Distant
An international breakthrough for Turkish writer-director Nuri Bilge Ceylan, DISTANT (UZAK) is a somber, hauntingly beautiful portrait of two lost souls struggling to connect in snowy Istanbul. Unemployed factory worker Yusuf (Mehmet Emin Toprak) leaves his village to seek opportunity in the big city, where he stays with his intellectual photographer cousin Mahmut (Muzaffer Özdemir). Both men are dissatisfied, for reasons only hinted at through brooding silences and lyrical long shots. Ceylan’s semi-autobiographical art-house drama won the Grand Prix in Cannes, alongside a posthumous Best Actor award (shared with his co-star) for 28-year-old Toprak, who died in a car accident soon after filming ended.
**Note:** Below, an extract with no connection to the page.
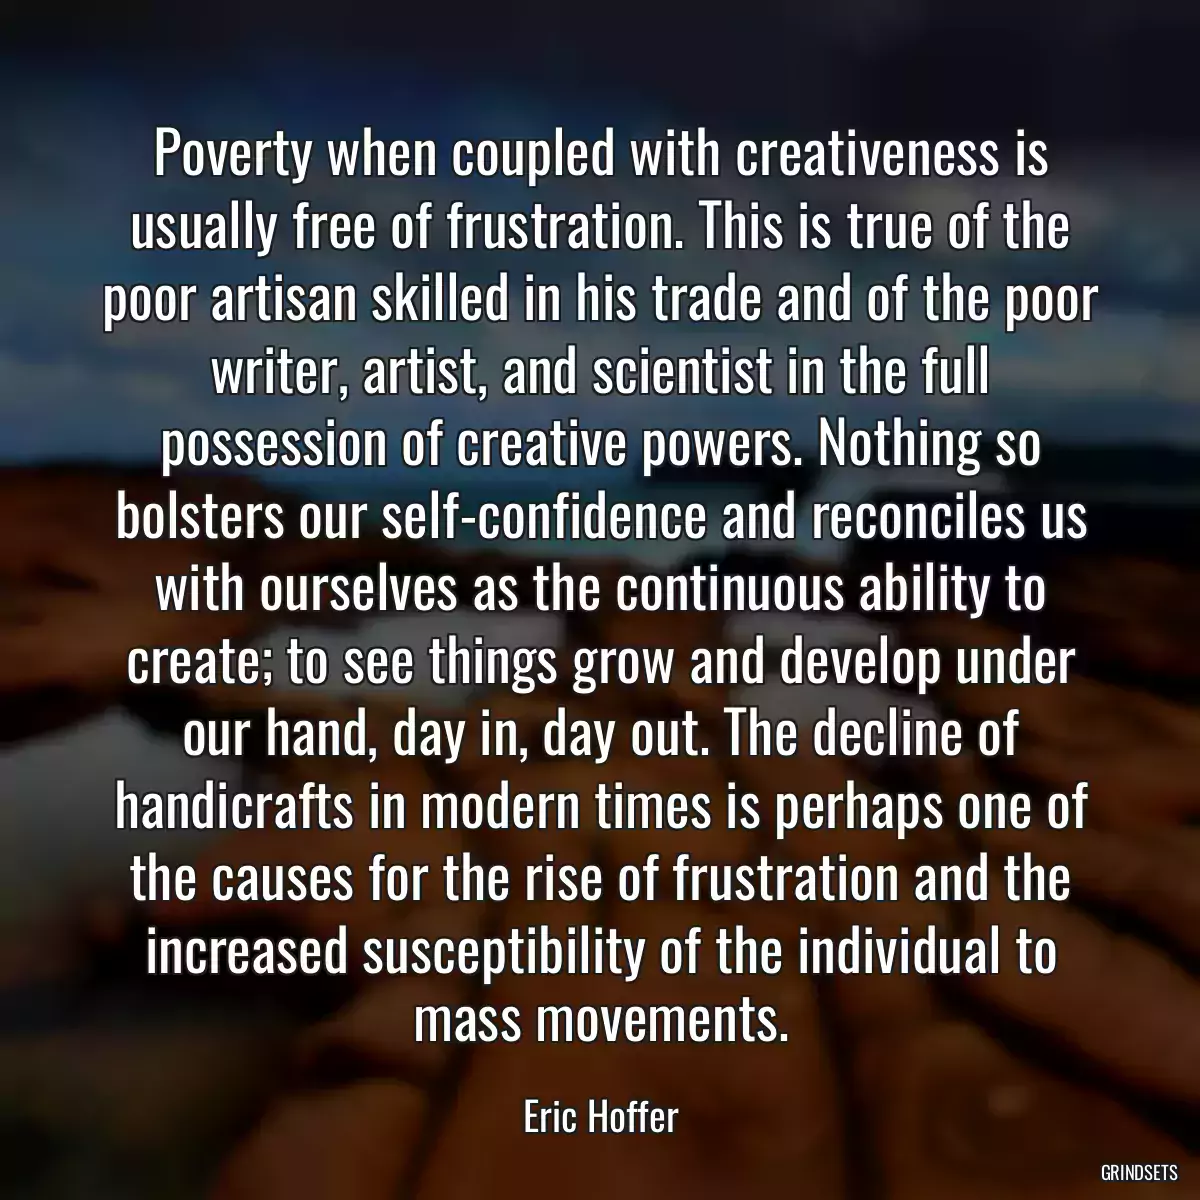 Poverty when coupled with creativeness is usually free of frustration. This is true of the poor artisan skilled in his trade and of the poor writer, artist, and scientist in the full possession of creative powers. Nothing so bolsters our self-confidence and reconciles us with ourselves as the continuous ability to create; to see things grow and develop under our hand, day in, day out. The decline of handicrafts in modern times is perhaps one of the causes for the rise of frustration and the increased susceptibility of the individual to mass movements.

Muzaffer Özdemir, Mehmet Emin Toprak, Zuhal Gencer
- Notes From Andrew HaighI wish I could have made this film. It speaks so acutely to loneliness and the nature of melancholy. How we let it overwhelm us, find comfort almost within it. Over the years I have taken a lot of inspiration from this film, with its careful pacing, the masterful blocking of characters in relationship to the camera, the expressive sound design and the minimal but razor-sharp editing. It is a profoundly serious film yet has a lightness, a humor always rooted in the contractionary nature of the character. And no one shoots snow like Nuri Bilge Ceylan.